▶ Exercise requirements:
Copy out exactly, from the entries that follow, the line holding "Page 5 of doujinshi 第一次的发情期", the line holding "Lavender is predominantly", and all lines between them, but no pictures.

▶ Given data:
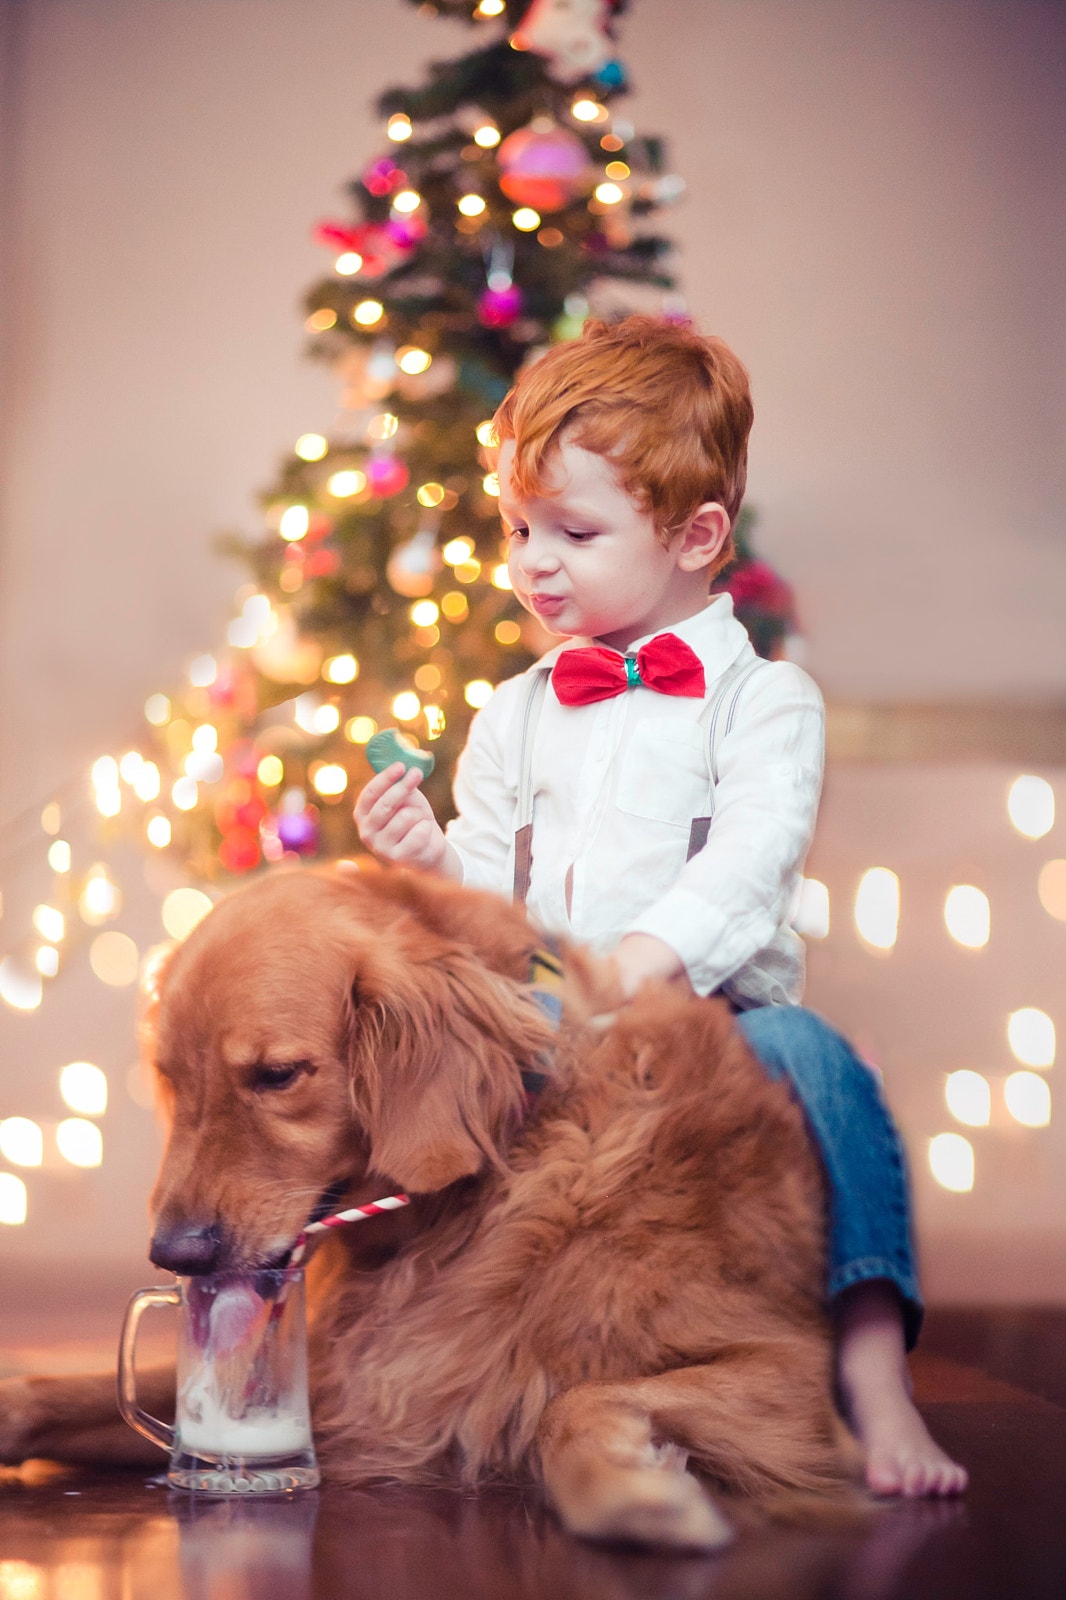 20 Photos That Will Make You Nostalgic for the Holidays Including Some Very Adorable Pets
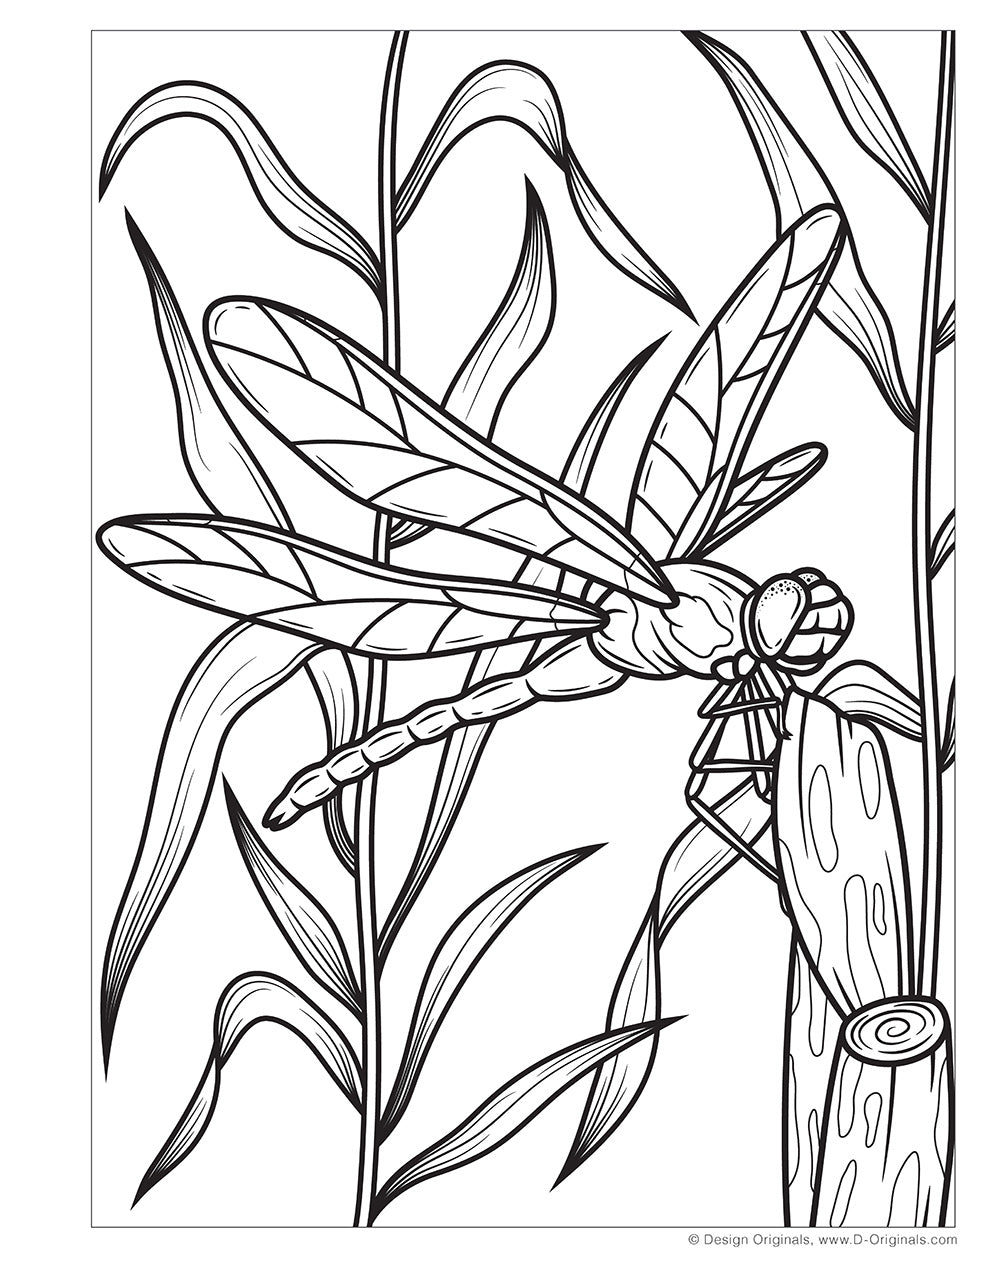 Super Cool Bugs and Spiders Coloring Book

--

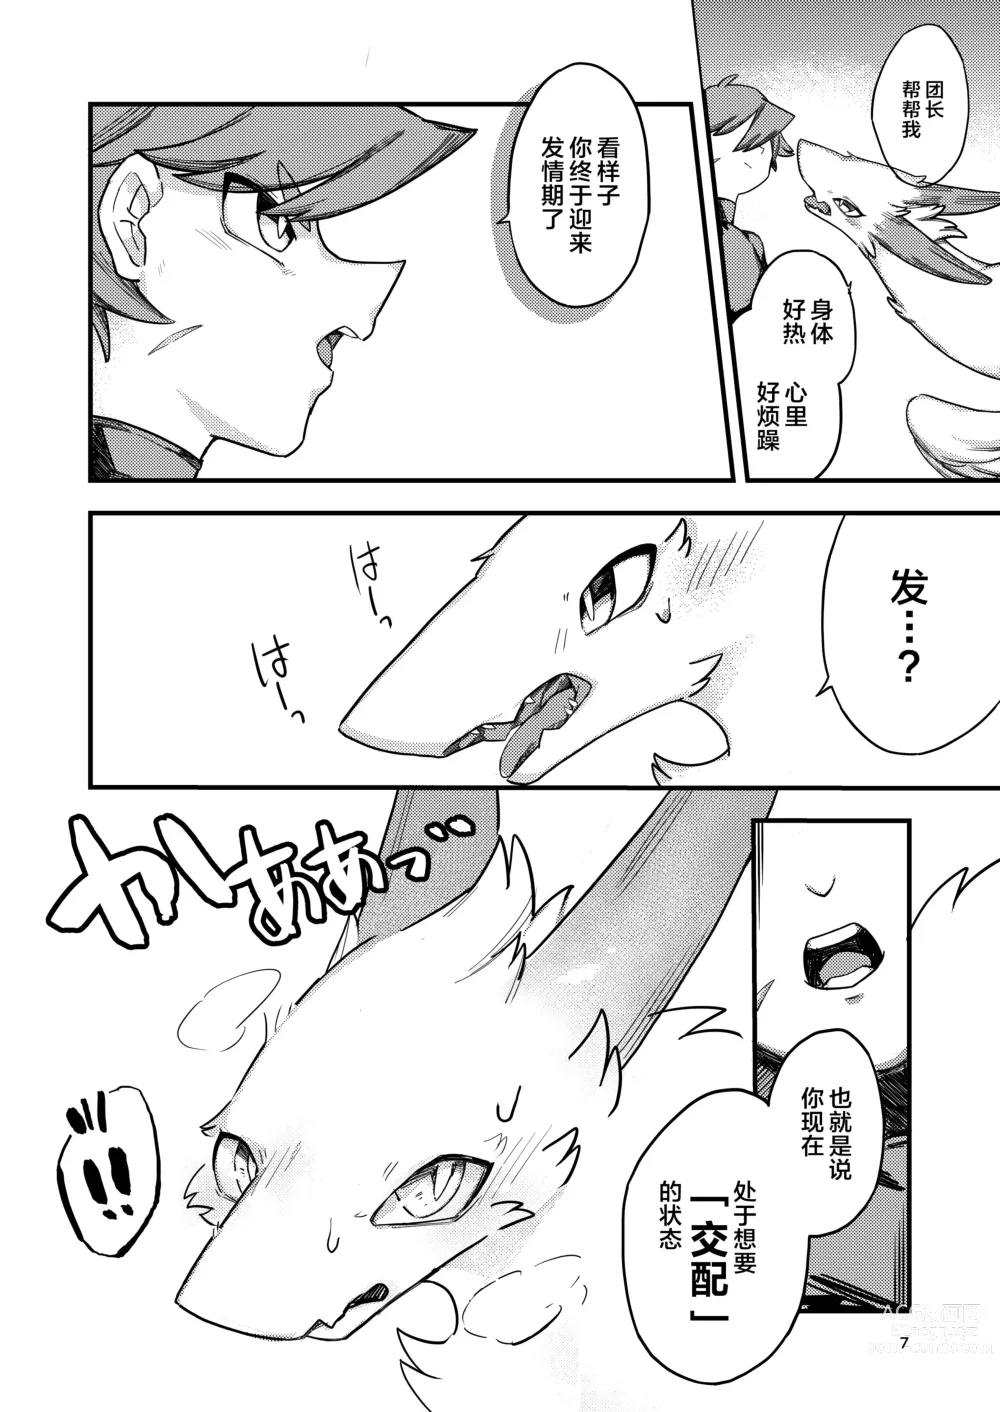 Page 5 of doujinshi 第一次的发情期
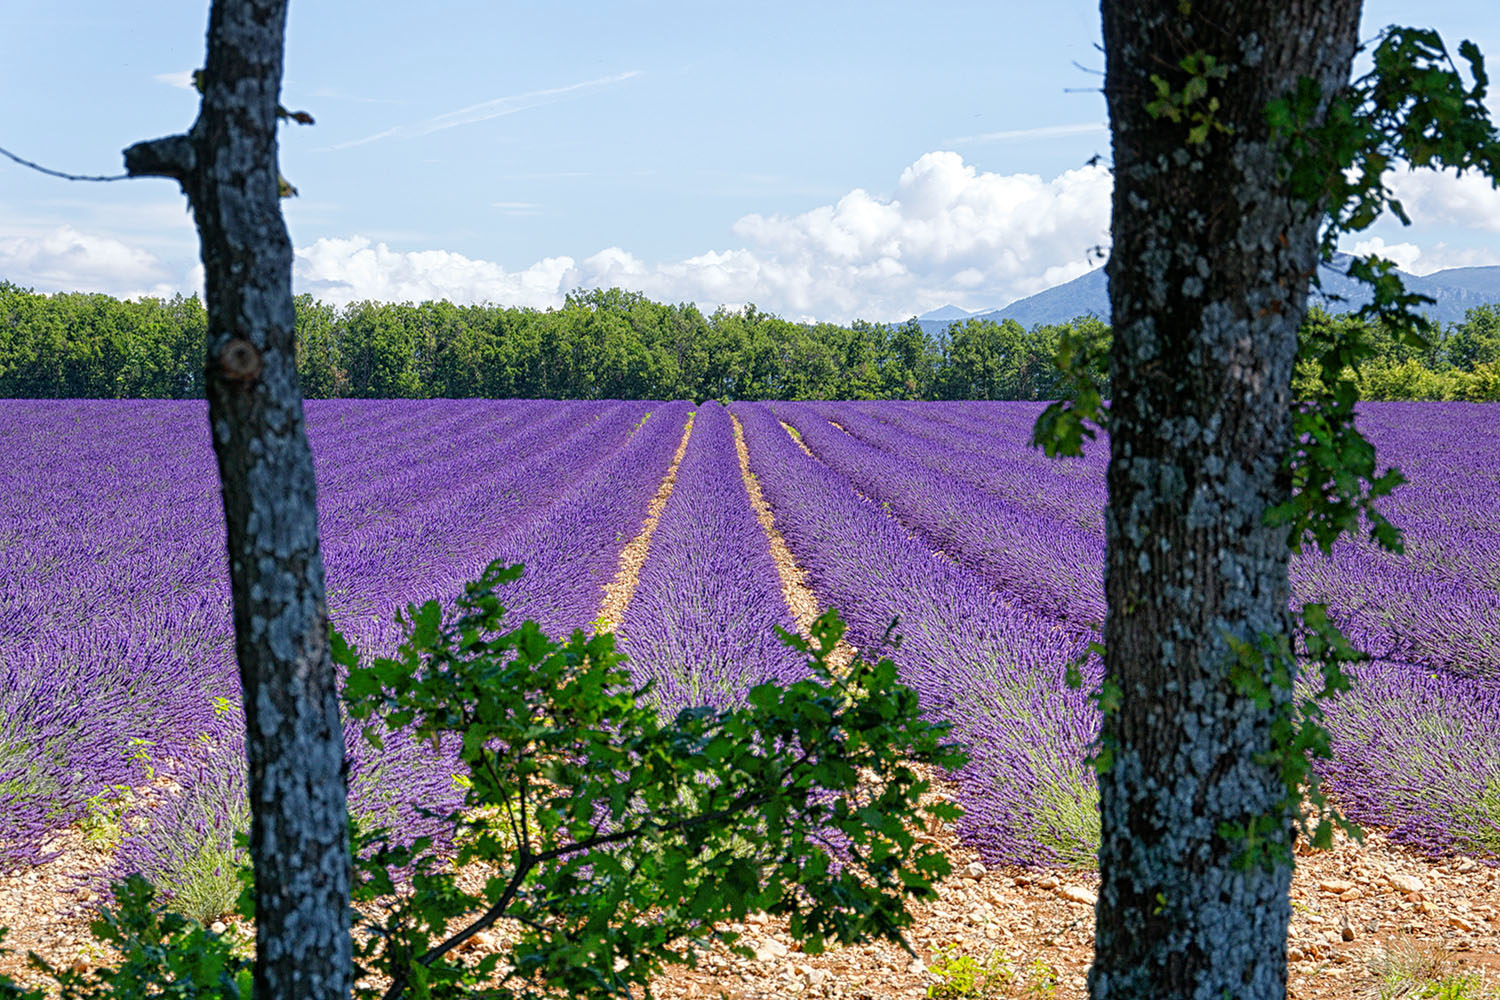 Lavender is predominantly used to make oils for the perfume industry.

▶ Written answer:
 Page 5 of doujinshi 第一次的发情期
 Lavender is predominantly used to make oils for the perfume industry.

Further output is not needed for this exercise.